What is needed is a word-for-word copy of the lines below from the one with "jogo aviator portugal" through the one with "File:Bat (PSF).jpg - Wikipedia", both included, with every picture left out.

Entries shown
*** Block opens ***

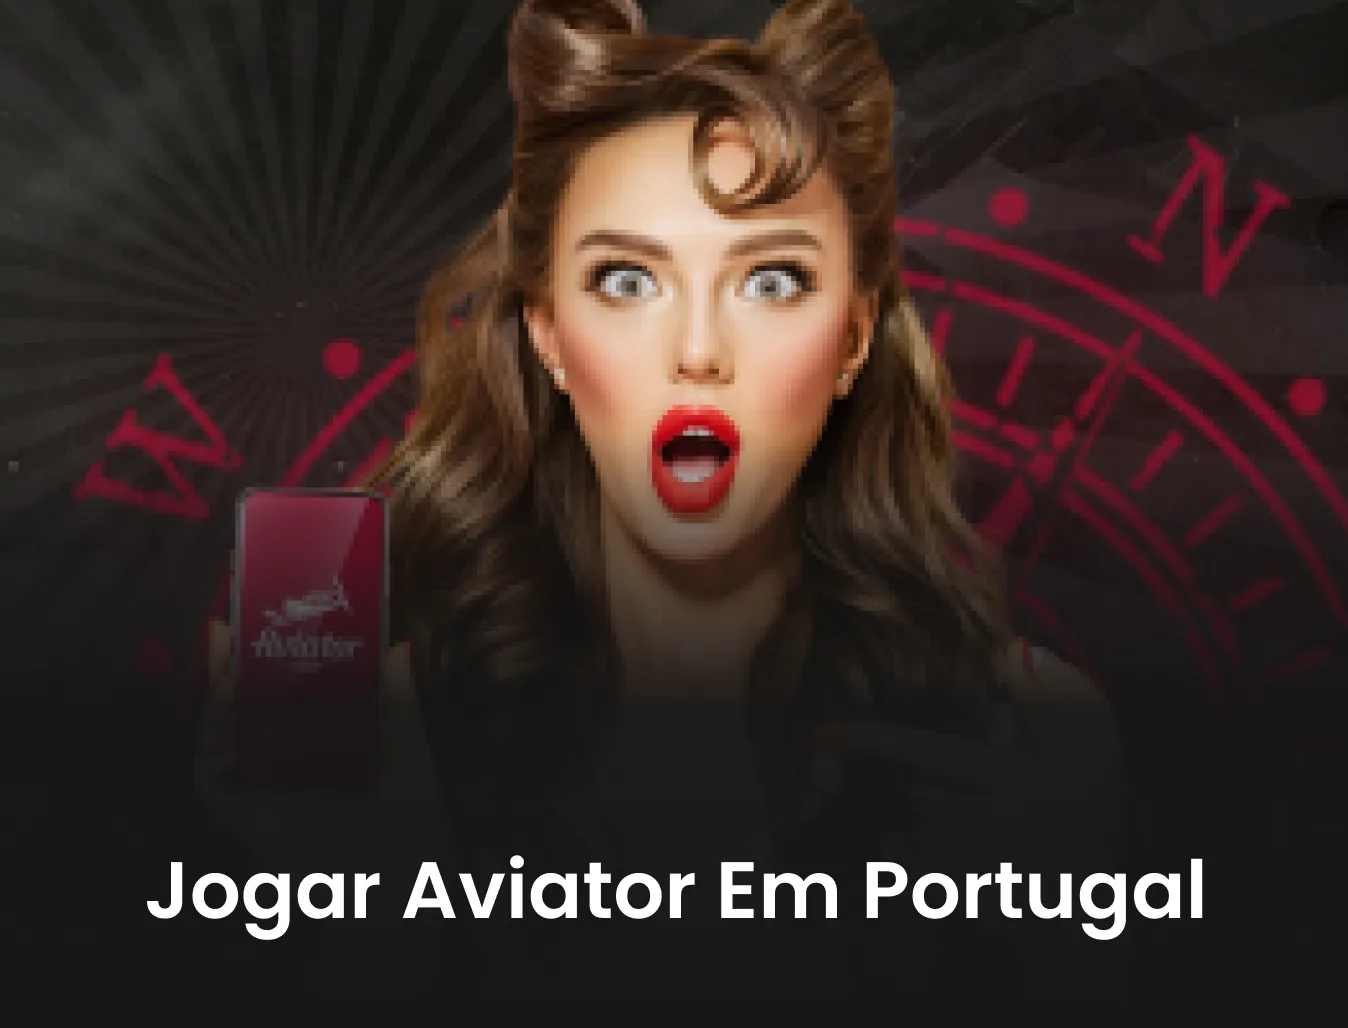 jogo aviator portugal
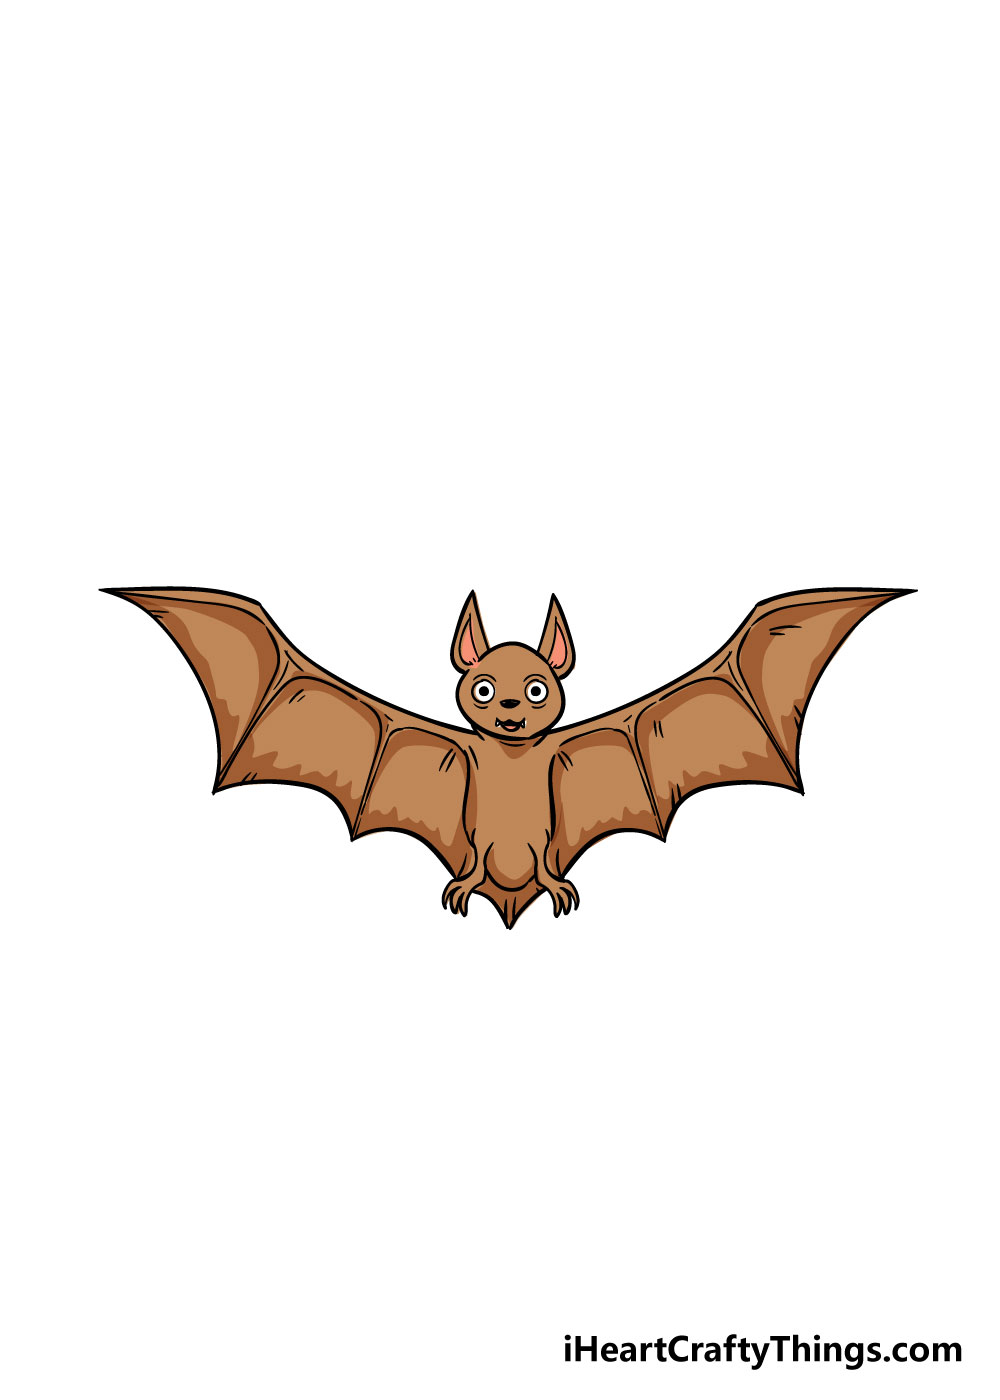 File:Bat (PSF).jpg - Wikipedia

*** Block closes ***
*** Block opens ***

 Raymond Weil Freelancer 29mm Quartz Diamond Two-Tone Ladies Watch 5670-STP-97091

*** Block closes ***

Answer box
 jogo aviator portugal
 File:Bat (PSF).jpg - Wikipedia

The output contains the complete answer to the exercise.